Emma struggled to her feet, letting out a sob.
“Polite persons do not listen to conversations that were not meant for—” but Emma was already running from of the room, and Miss Peregrine cut herself short with a frustrated sigh. “That was most unfortunate. I’m afraid she’s quite sensitive as regards your grandfather.”
“I noticed,” I said. “Why? Were they …?”
“When Abraham left to fight in the war, he took all our hearts with him, but Miss Bloom’s especially. Yes, they were admirers, paramours, sweethearts.”
I began to understand why Emma had been so reluctant to believe me; it would mean, in all likelihood, that I was here to deliver bad news about my grandfather.
Miss Peregrine clapped her hands as if breaking a spell. “Ah, well,” she said, “it can’t be helped.”
I followed her out of the room to the staircase. Miss Peregrine climbed it with grim resolve, holding the banister with both hands to pull herself up one step at a time, refusing any help. When we reached the landing, she led me down the hall to the library. It looked like a real classroom now, with desks arranged in a row and a chalkboard in one corner and books dusted and organized on the shelves. Miss Peregrine pointed to a desk and said, “Sit,” so I squeezed into it. She took her place at the front of the room and faced me.
“Allow me to give you a brief primer. I think you’ll find the answers to most of your questions contained herein.”
“Okay.”
“The composition of the human species is infinitely more diverse than most humans suspect,” she began. “The real taxonomy of Homo sapiens is a secret known to only a few, of whom you will now be one. At base, it is a simple dichotomy: there are the coerlfolc, the teeming mass of common people who make up humanity’s great bulk, and there is the hidden branch—the crypto-sapiens, if you will—who are called syndrigast, or “peculiar spirit” in the venerable language of my ancestors. As you have no doubt surmised, we here are of the latter type.”
I bobbed my head as if I understood, though she’d already lost me. Hoping to slow her down a little, I asked a question.
“But why don’t people know about you? Are you the only ones?”

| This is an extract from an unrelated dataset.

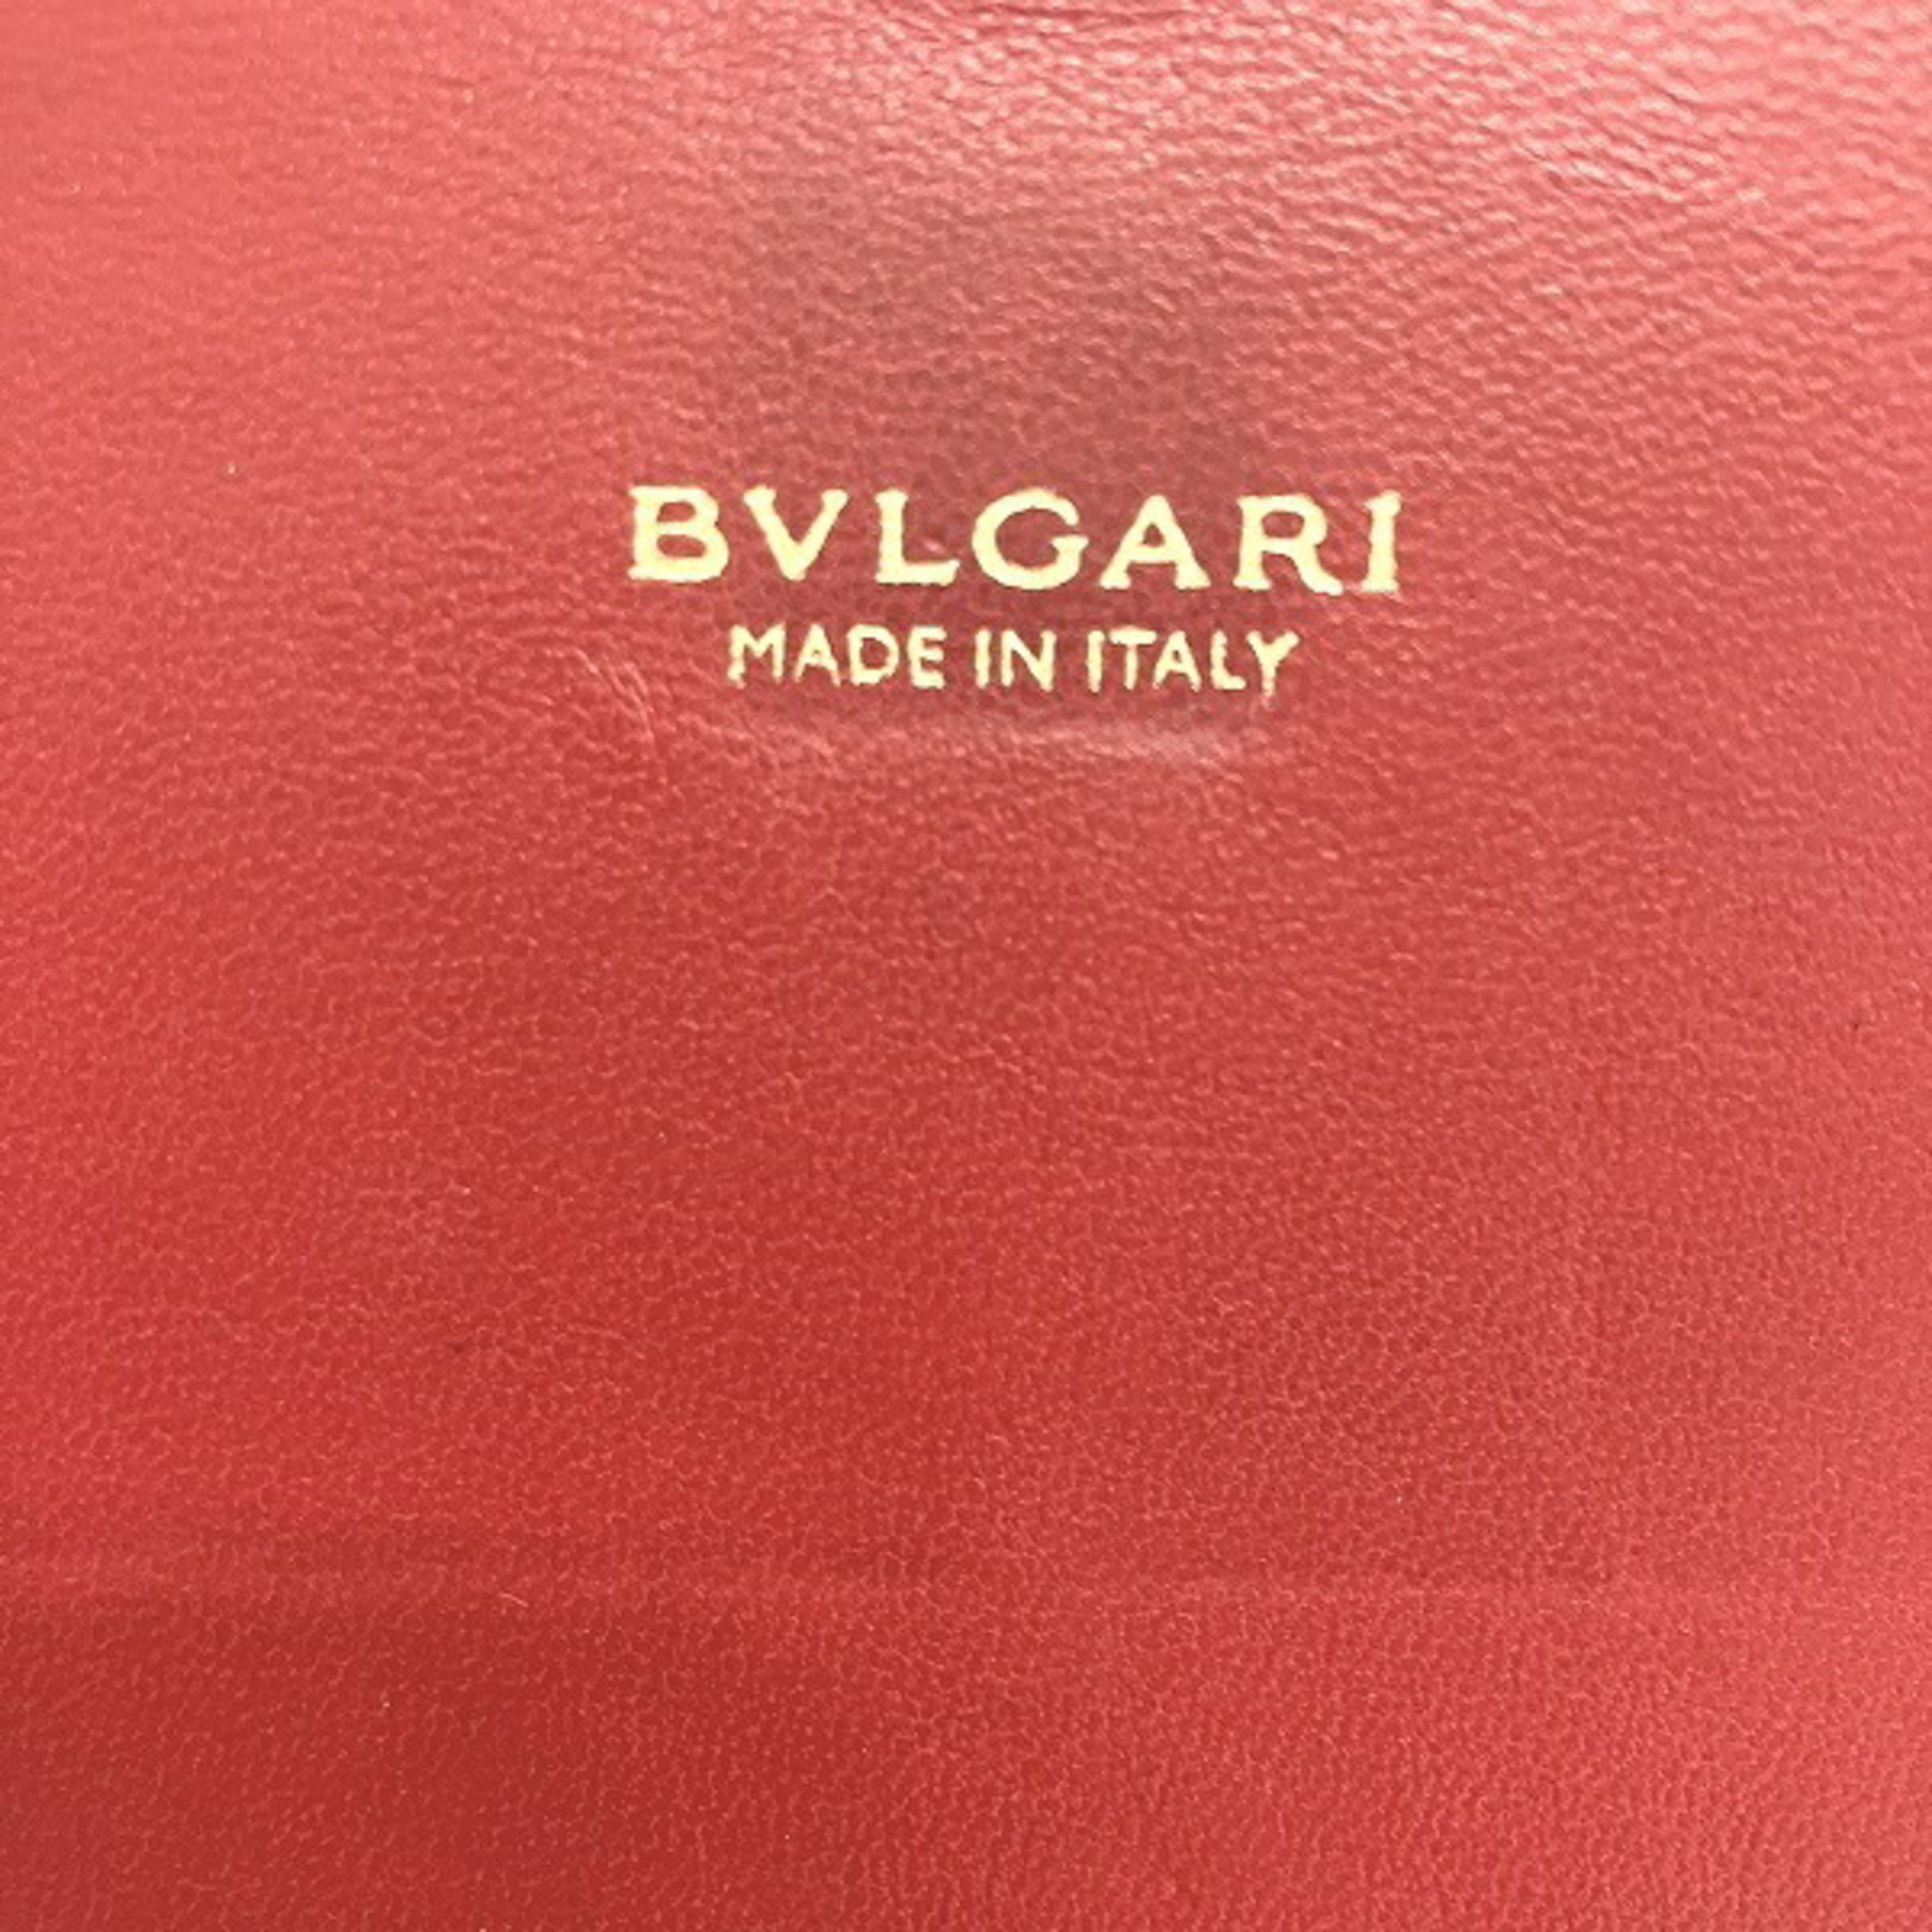 BVLGARI Logo Clip 281438 Wallet Bifold Women's

“There are peculiars all over the world,” she said, “though our numbers are much diminished from what they once were. Those who remain live in hiding, as we do.” She lapsed into a soft regretful voice. “There was a time when we could mix openly with common folk. In some corners of the world we were regarded as shamans and mystics, consulted in times of trouble. A few cultures have retained this harmonious relationship with our people, though only in places where both modernity and the major religions have failed to gain a foothold, such as the black-magic island of Ambrym in the New Hebrides. But the larger world turned against us long ago. The Muslims drove us out. The Christians burned us as witches. Even the pagans of Wales and Ireland eventually decided that we were all malevolent faeries and shape-shifting ghosts.”